● ASSIGNMENT
Every entry below is to be copied exactly, apart from any picture it holds.

*** DATA EXCERPTS

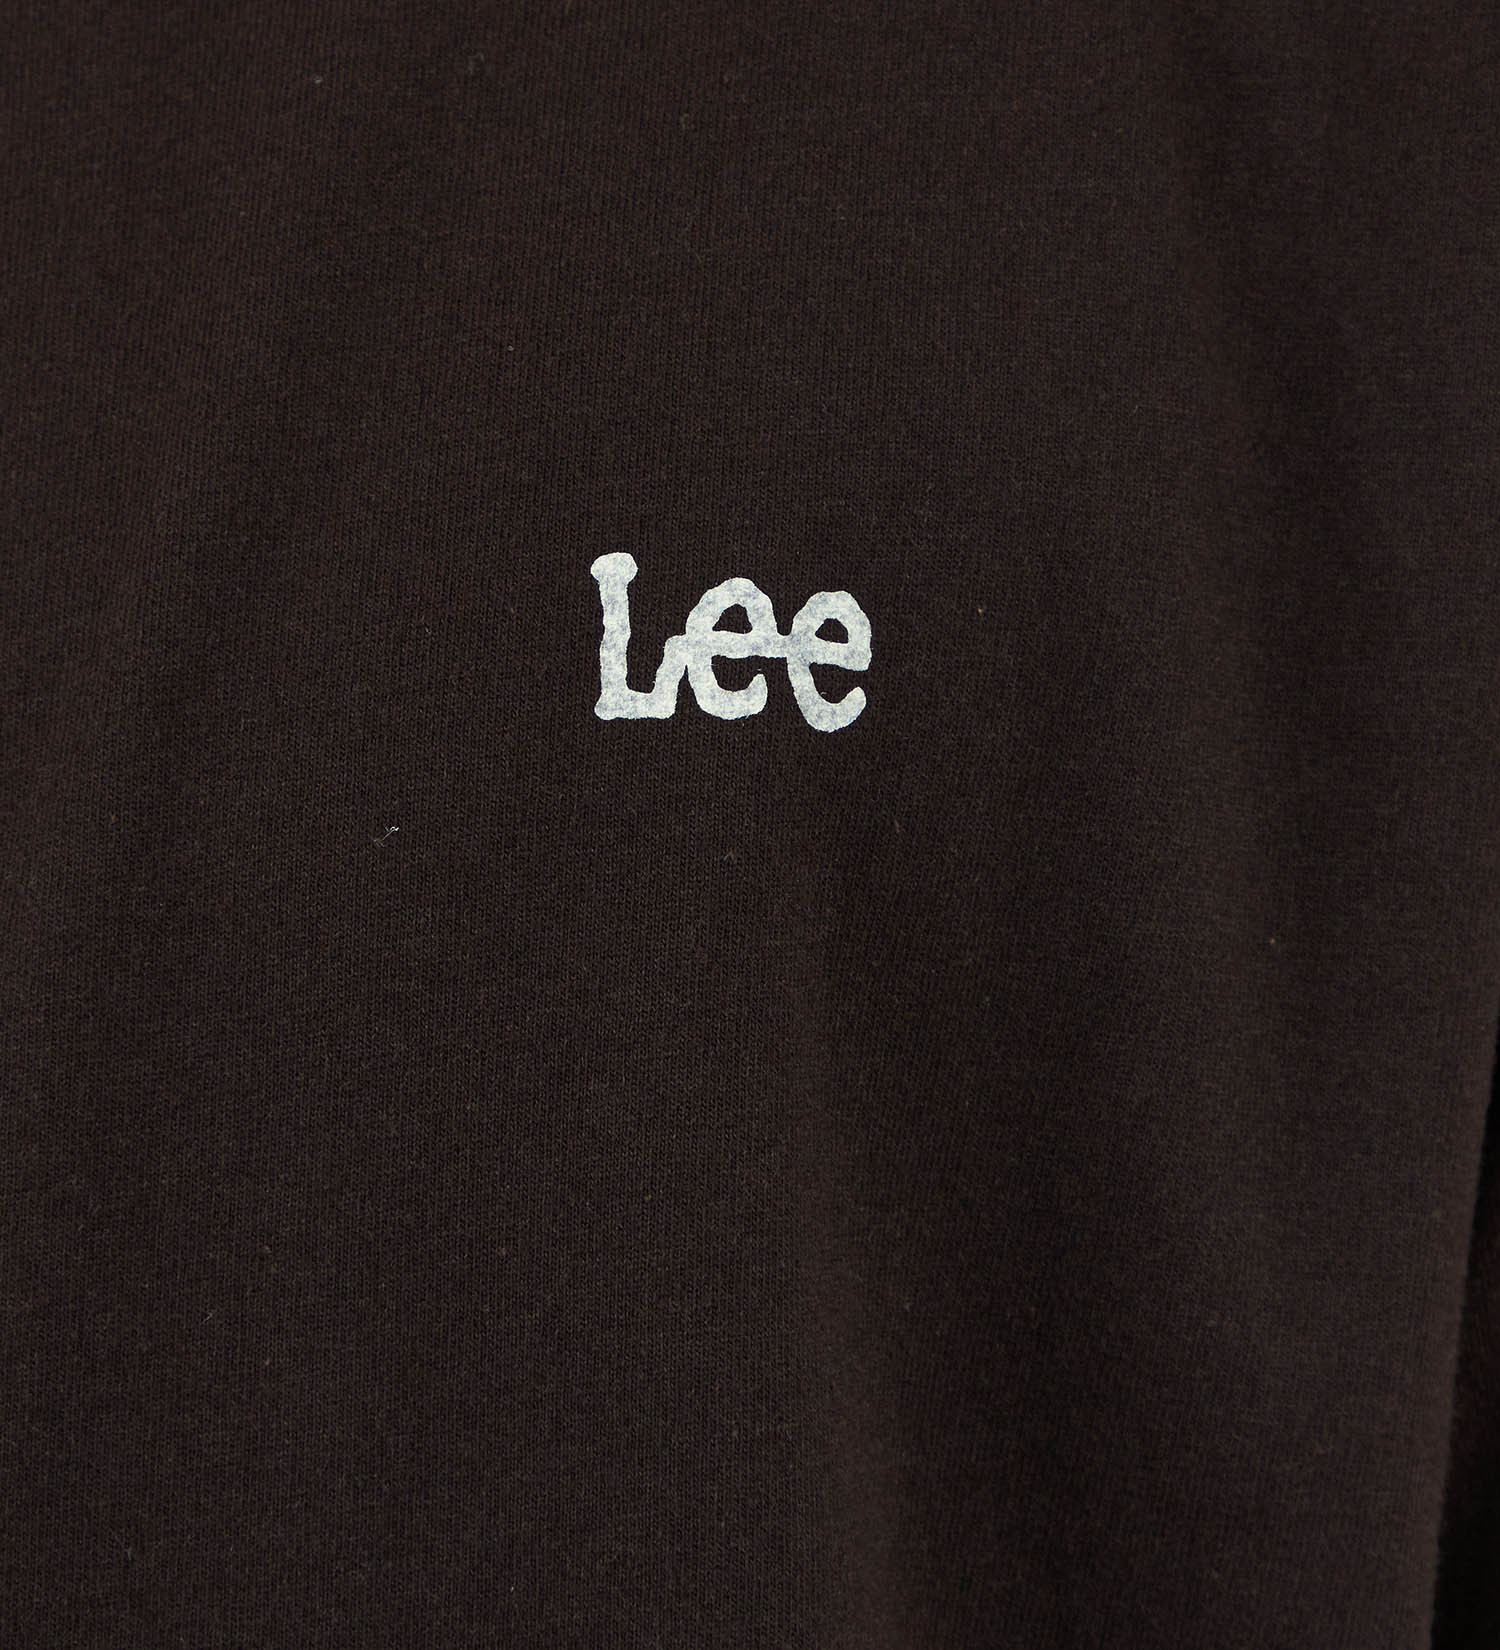 Lee(リー)の【SUMMER SALE】バックプリントTシャツ|トップス/Tシャツ/カットソー/メンズ|ブラック
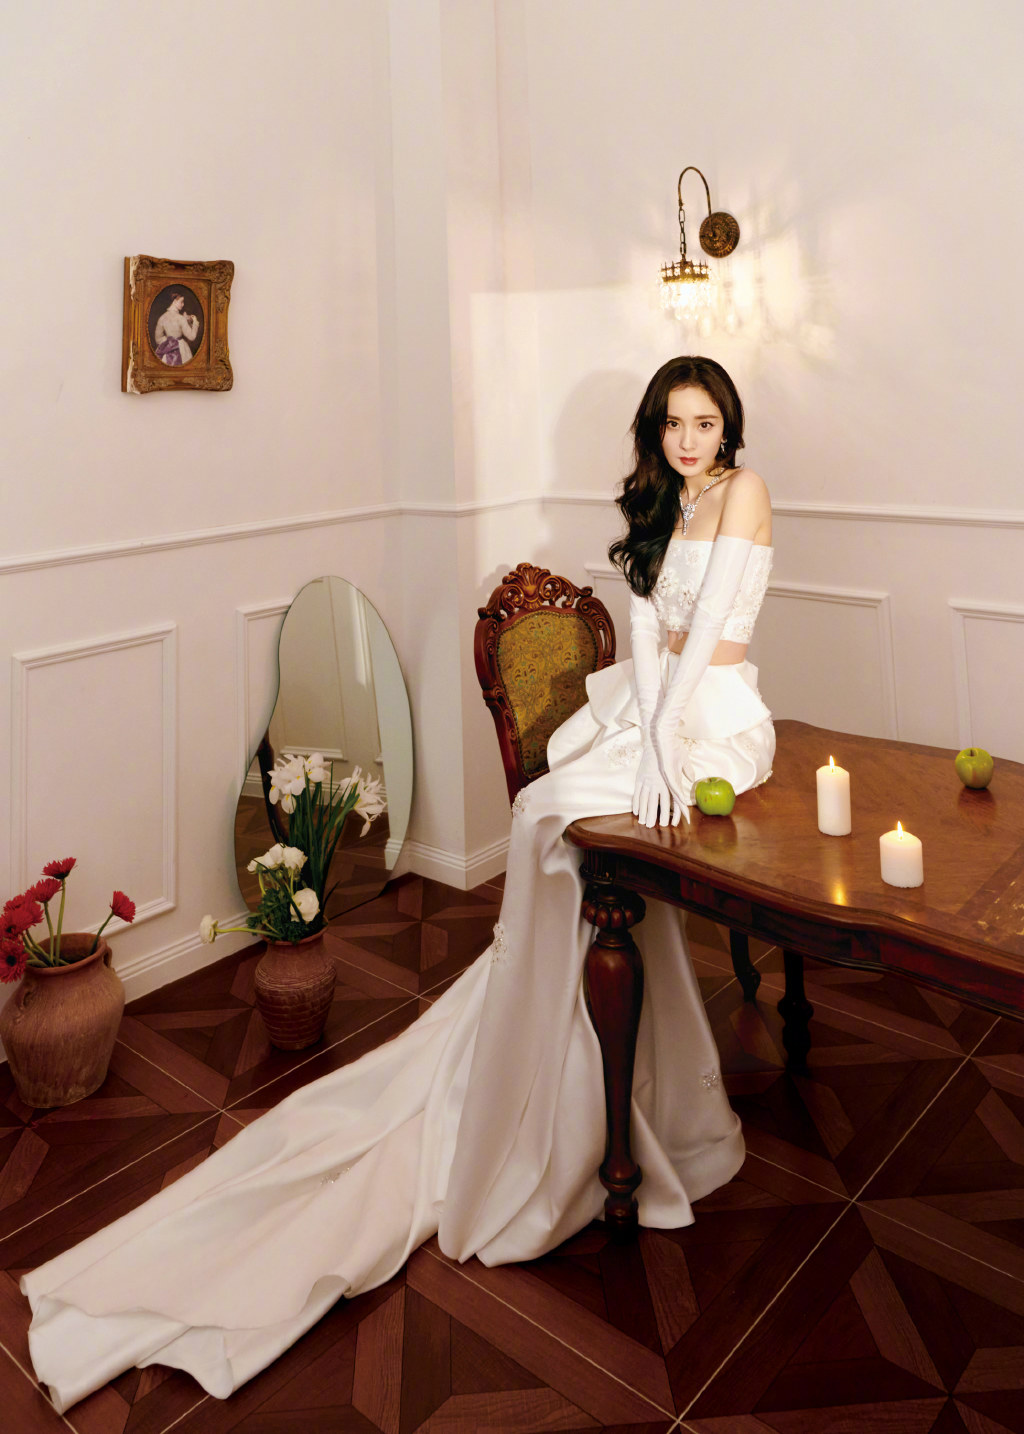 照片中的杨幂身穿两截式白色礼服裙,长发披肩优雅迷人,设计感十足的
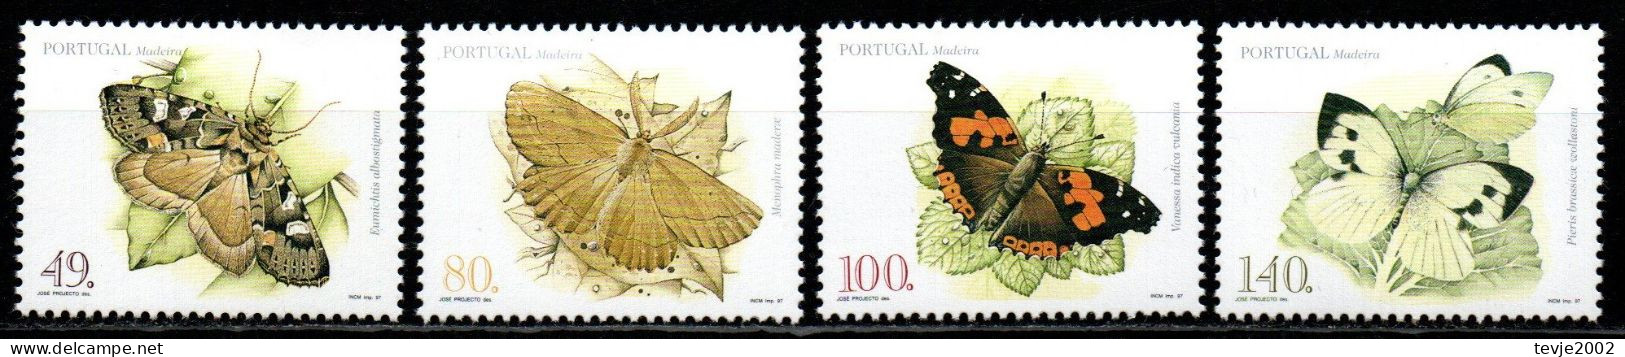 Portugal Madeira 1997 - Mi.Nr. 187 - 190 A - Postfrisch MNH - Tiere Animals Schmetterlinge Butterflies - Papillons
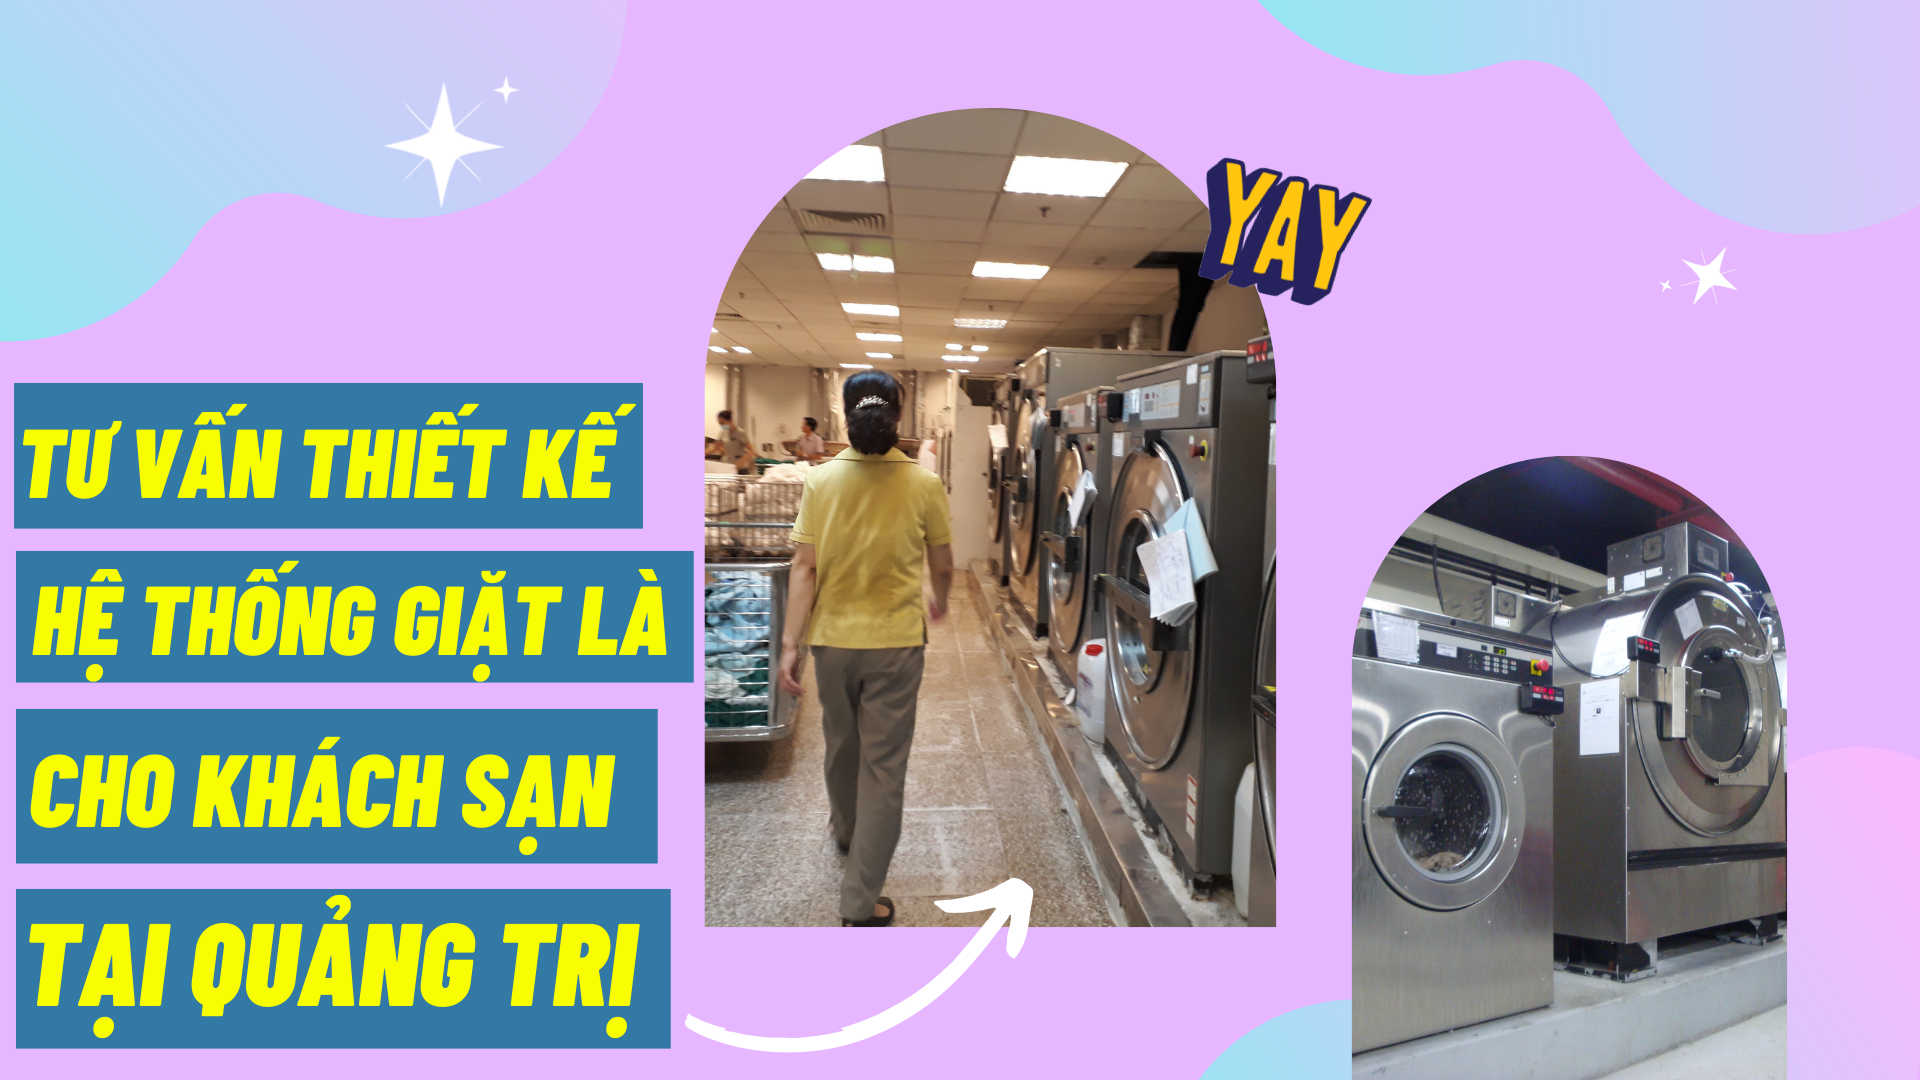 Tư vấn thiết kế hệ thống giặt là cho khách sạn tại Quảng Trị 
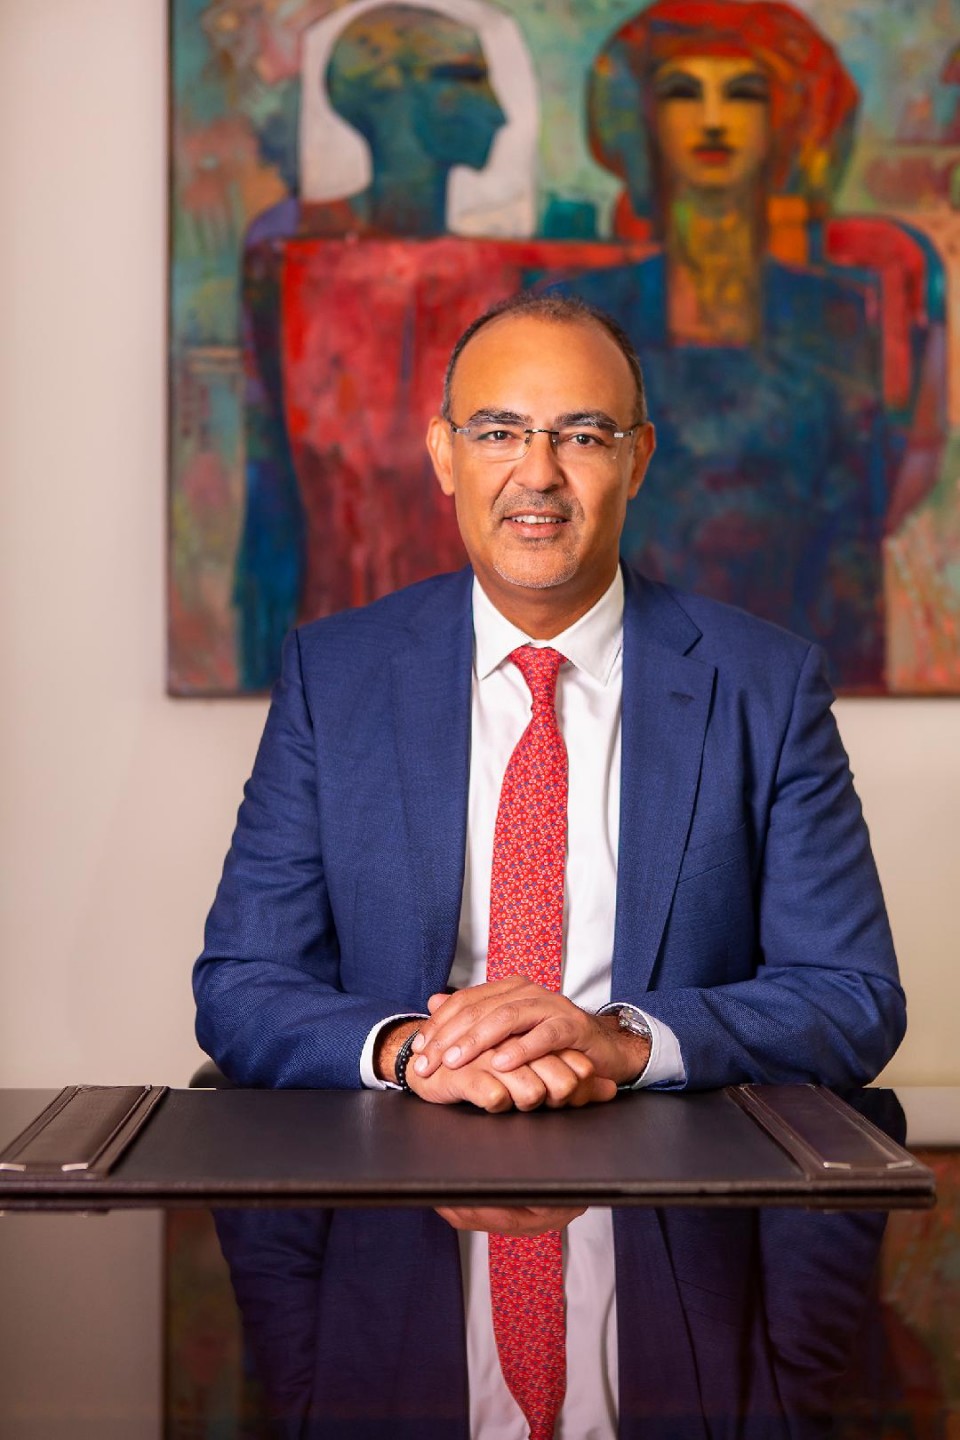 محمد سلطان، الرئيس التنفيذي لقطاع العمليات بالبنك التجاري الدولي مصر

******

● PROBLEM SOLUTION
 Lee(リー)の【SUMMER SALE】バックプリントTシャツ|トップス/Tシャツ/カットソー/メンズ|ブラック
 照片中的杨幂身穿两截式白色礼服裙,长发披肩优雅迷人,设计感十足的
 Portugal Madeira 1997 - Mi.Nr. 187 - 190 A - Postfrisch MNH - Tiere Animals Schmetterlinge Butterflies - Papillons
 Tư vấn thiết kế hệ thống giặt là cho khách sạn tại Quảng Trị 
 محمد سلطان، الرئيس التنفيذي لقطاع العمليات بالبنك التجاري الدولي مصر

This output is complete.